[DATASET EXCERPTS]
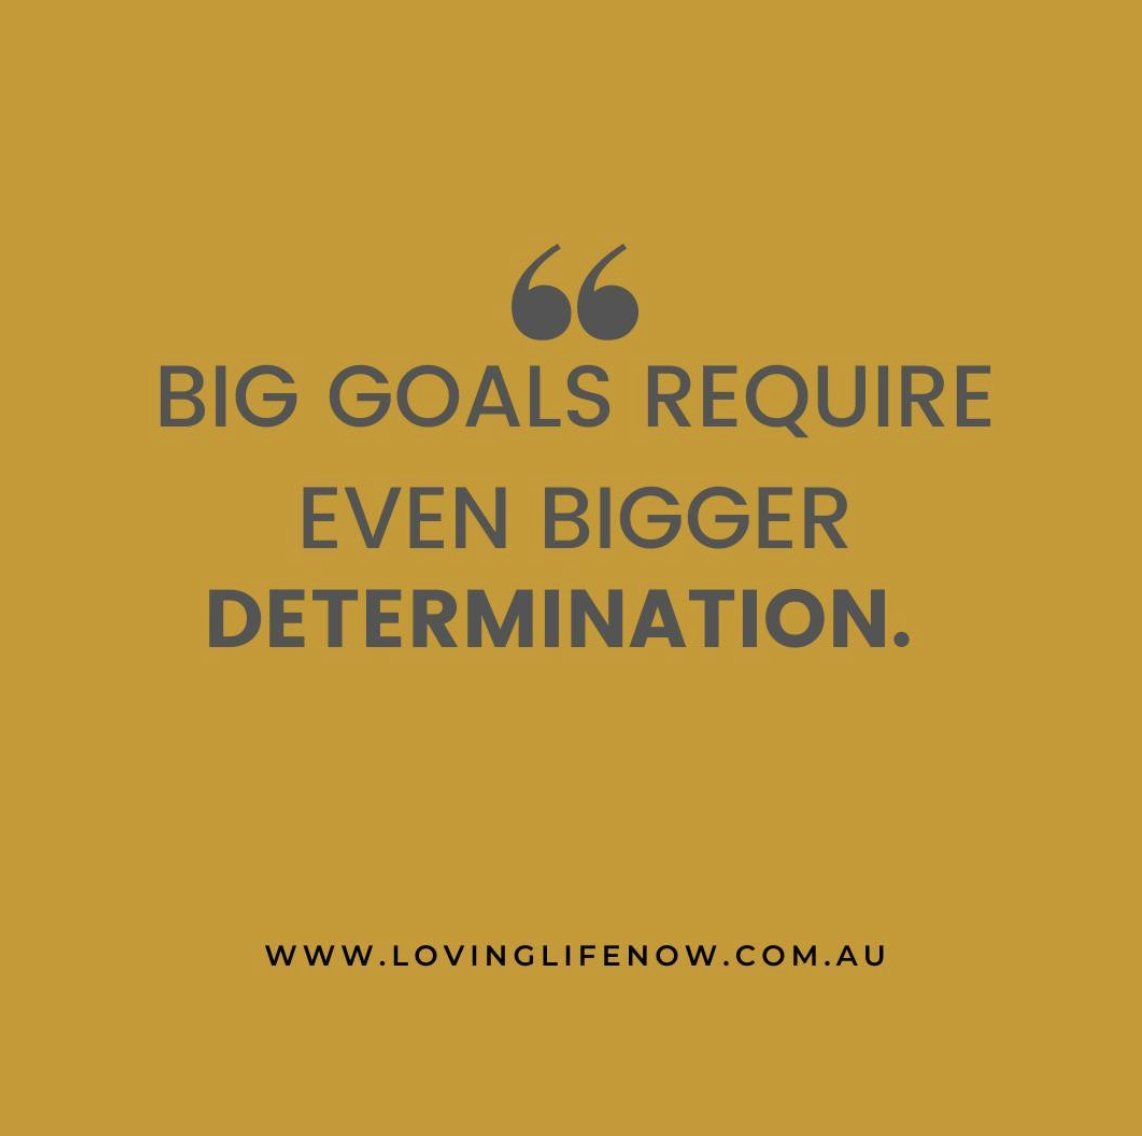 Big goals require even bigger determination
-
-
#LivingLovingLife
#OnlineIncomeOpportunity #WorkFromAnywhere #OnlineBusinessSolution
#SimonAndLeeAnne #LifestyleLoveAndBeyond
#LaptopLifestyle #PortableOnlineBusiness
#SimonHaggard #LeeAnneHaggard #LovingLifeNow

[WORK TO BE COMPLETED]
Your answer must restate the entries word for word and contain no pictures.

[TASK RESPONSE]
 Big goals require even bigger determination
-
-
#LivingLovingLife
#OnlineIncomeOpportunity #WorkFromAnywhere #OnlineBusinessSolution
#SimonAndLeeAnne #LifestyleLoveAndBeyond
#LaptopLifestyle #PortableOnlineBusiness
#SimonHaggard #LeeAnneHaggard #LovingLifeNow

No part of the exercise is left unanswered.